Хьюго Бэрримор ответил на реплику, обращенную непосредственно к нему, кивком головы.
– Война может вспыхнуть в любой момент. Из-за пустяка, из-за случайной фразы. Из-за глупой статьи. Ждут только сигнала. Британский лев готовится к прыжку, германский орел готов клюнуть, русский медведь вылез из берлоги. Вы сами видите, джентльмены, как мы все аккуратно себя ведем в Испании, оттягиваем развязку. Даже во Франции, спросите у комиссара, он подтвердит, готовятся к войне. И мы все ждем! Растягиваем антракт как можно дольше. Не из-за Чехословакии нам с вами рвать друг другу глотки, господа, не из-за Судетов! И плевать на испанское золото, кто бы его ни вывез!
Майор Кингстон хмыкнул.
– Заметьте, майор, я сказал: кто бы золото ни вывез, наплевать! И мы закрываем глаза на события в Северной Ирландии. Я первый буду против поддержки террористов Белфаста. Скажу больше, хоть и не уполномочен: Советский Союз уже задумывается о прекращении финансирования Коминтерна. Интернациональное братство вот таких вот дам, – Курбатский указал на рыдающую Лауру, – обходится слишком дорого. Пришла пора, господа, позабыть партийное ребячество. Мы отнюдь не намерены расходовать государственный бюджет на голодранцев. Мы, заявляю это здесь официально, желаем обдуманных, взвешенных государственных отношений. И партнерами своими мы видим не таких вот неврастеничек, а вас и ваше ведомство, дама Камилла, и тех, кто стоит за вами, майор Кингстон.
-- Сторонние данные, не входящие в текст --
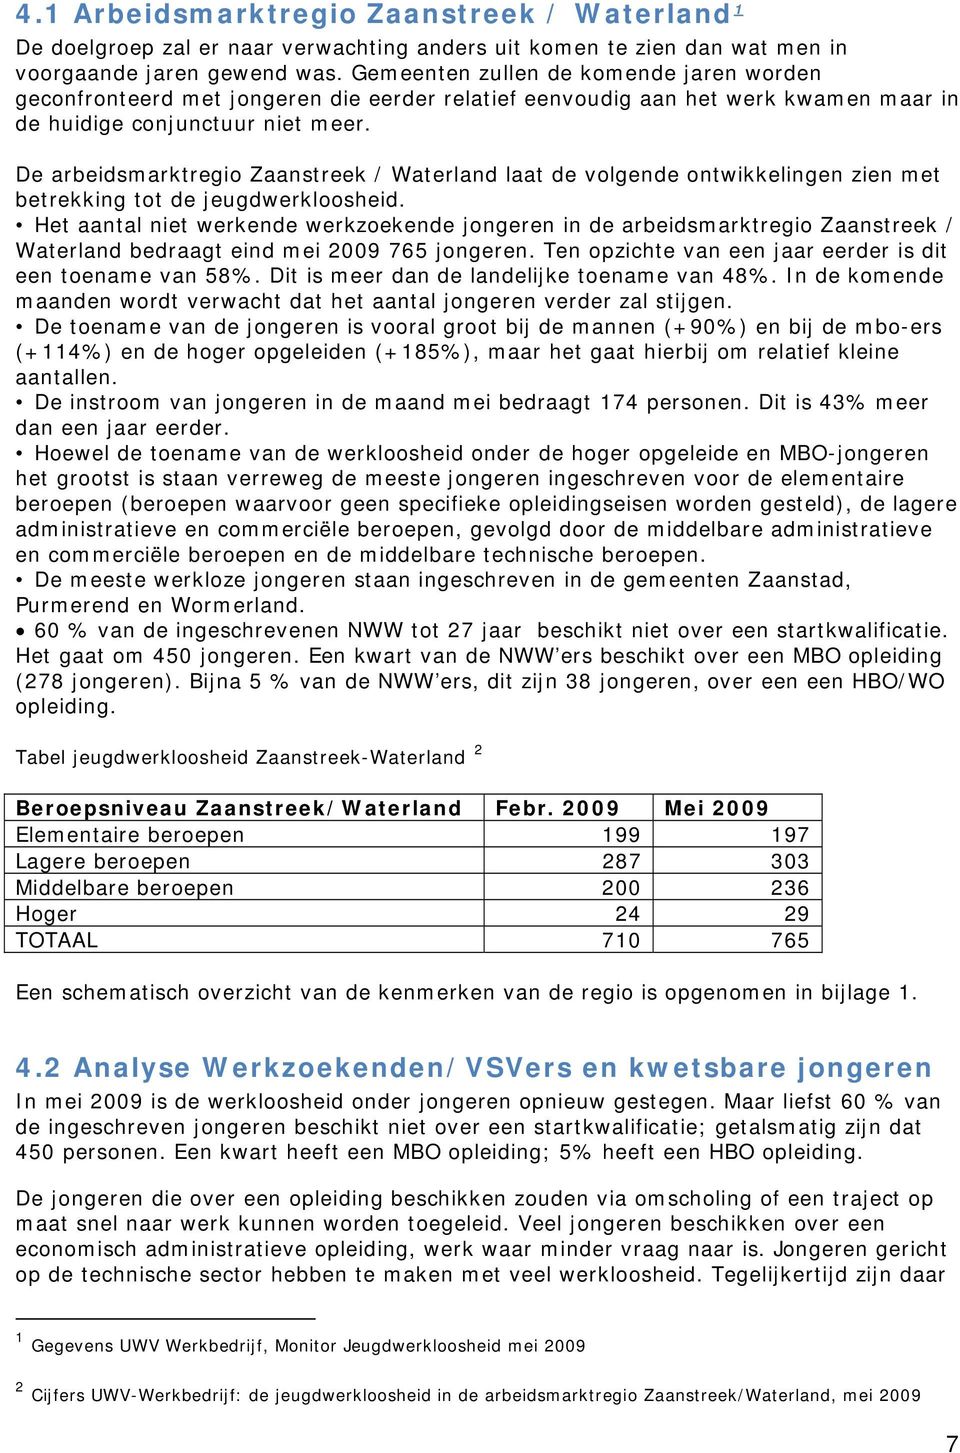 De arbeidsmarktregio Zaanstreek / Waterland laat de volgende ontwikkelingen zien met betrekking tot de jeugdwerkloosheid.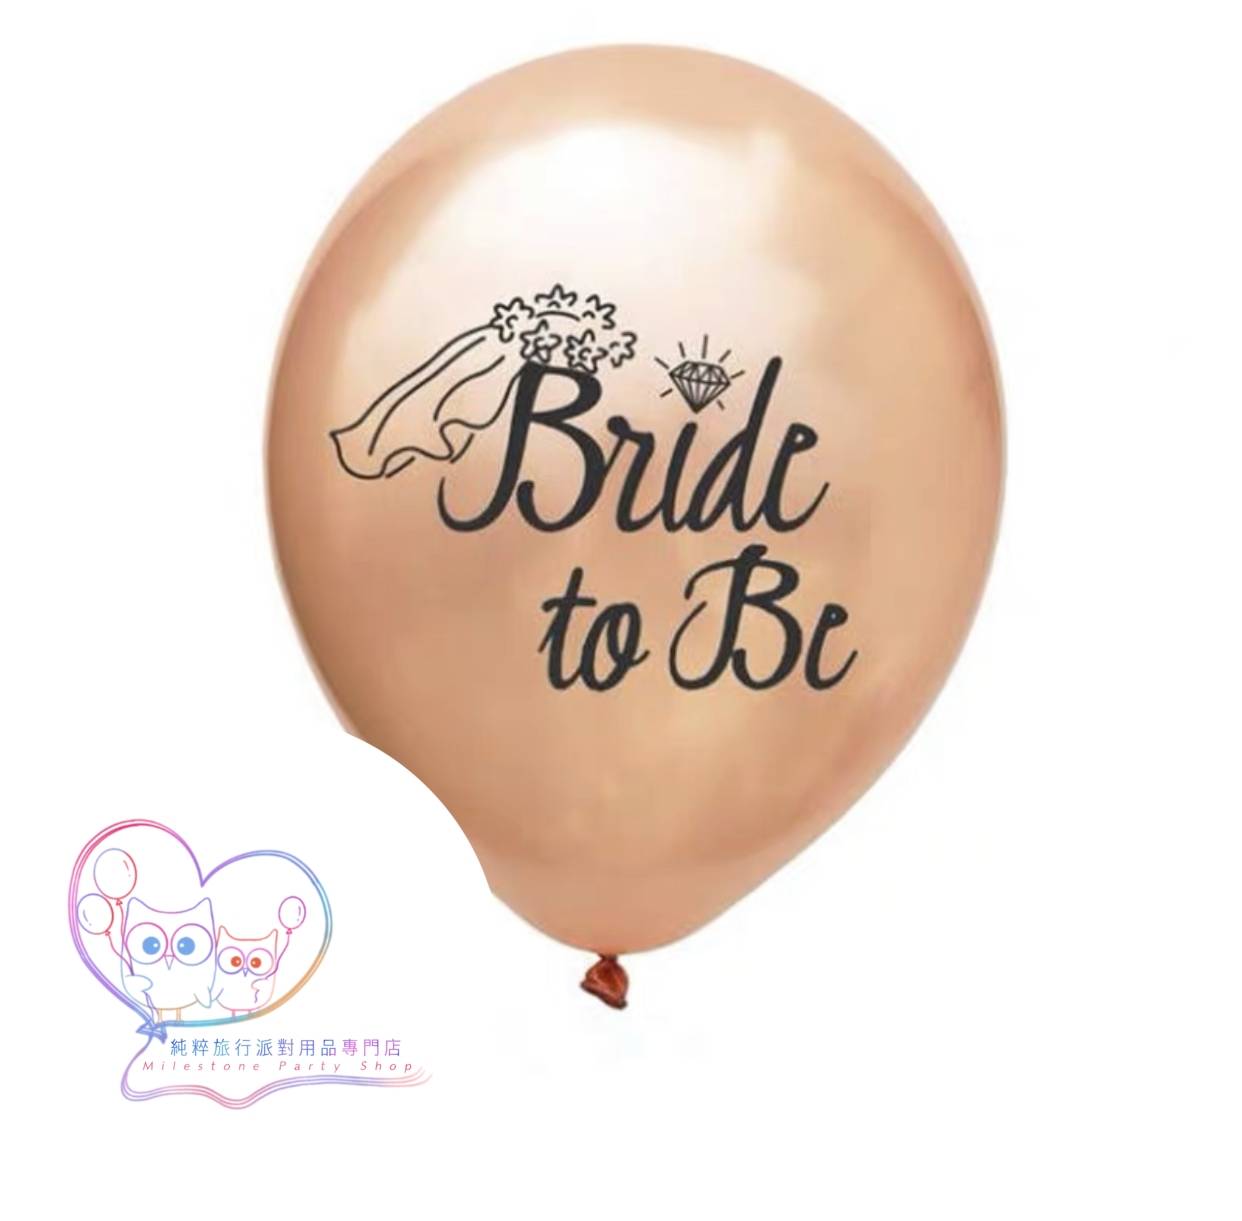 12吋乳膠氣球 (Bride to Be) (玫瑰金色) (1pc) LBL5

Полковник говорил ровным металлическим голосом, и, хотя слова его были будто бы дружелюбны, в обеденной зале стало невыносимо дышать.
Случается такое в шекспировских драмах, когда действие приближается к развязке и на сцене появляется словно бы новое действующее лицо – ужас.
Этот ужас обретает самостоятельное существование и движется по сцене сам по себе, захватывая все новые жертвы и сжимая им горло.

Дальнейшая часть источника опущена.